Proving Continuity of Absolute Value Functions | Adv. Calc 1 Homework

[chief12]

Homework Statement

part 1)Show the function a(x)=|x| is a continuous function from R to R;

part 2)

Prove that if the functions f: D--> R is continuous at x=a, then l f l (absolute value of f) is also continuous at x=a.

Homework Equations

The Attempt at a Solution

part 1) since a(x) = |x|, then given any $$\epsilon$$ > 0, then for all l f(x) - f(a) l < $$\epsilon$$, since l x - a l < $$\delta$$ when delta = epsilon, since f(x) = l x l


part 2) since f is continuous, then the absolute value of f is also continuous since it doesn't change any of the relationships

then given any $$\epsilon$$ > 0, then for all l f(x) - f(a) l < $$\epsilon$$, since l x - a l < $$\delta$$ when delta = epsilon, since f(x) = l x l

 

[LCKurtz]

Homework Statement

part 1)Show the function a(x)=|x| is a continuous function from R to R;

part 2)

Prove that if the functions f: D--> R is continuous at x=a, then l f l (absolute value of f) is also continuous at x=a.

Homework Equations

The Attempt at a Solution

part 1) since a(x) = |x|, then given any $$\epsilon$$ > 0, then for all l f(x) - f(a) l < $$\epsilon$$, since l x - a l < $$\delta$$ when delta = epsilon, since f(x) = l x l

Not quite. Both the argument and the writeup need improvement.

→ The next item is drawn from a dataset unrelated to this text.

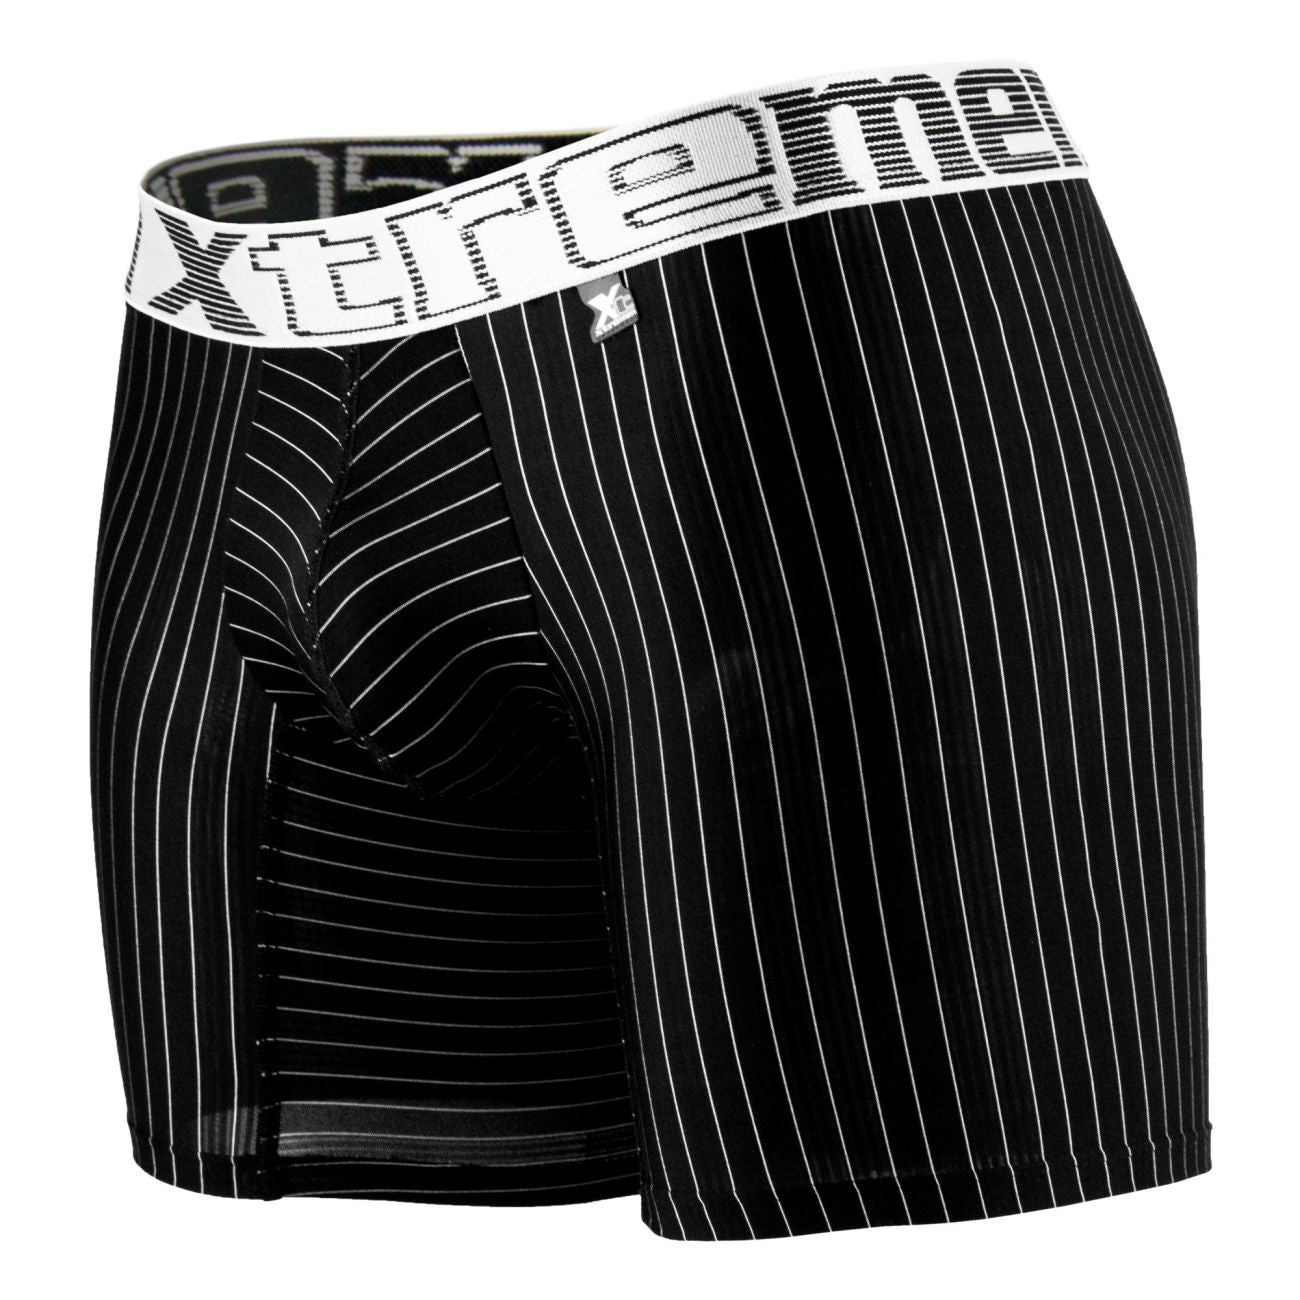 Xtremen 51419 Boxer Briefs Microfiber Stripes

Your final proof for part 1 should look something like this:

Suppose ε > 0. Pick δ = ε (if that is what works). Then if |x-a| < δ you have... At this point you need to give an argument to show that

|f(x) - f(a)| = | |x| - |a| |< ε

I used f(x) instead of a(x) for your function so it doesn't use "a" twice.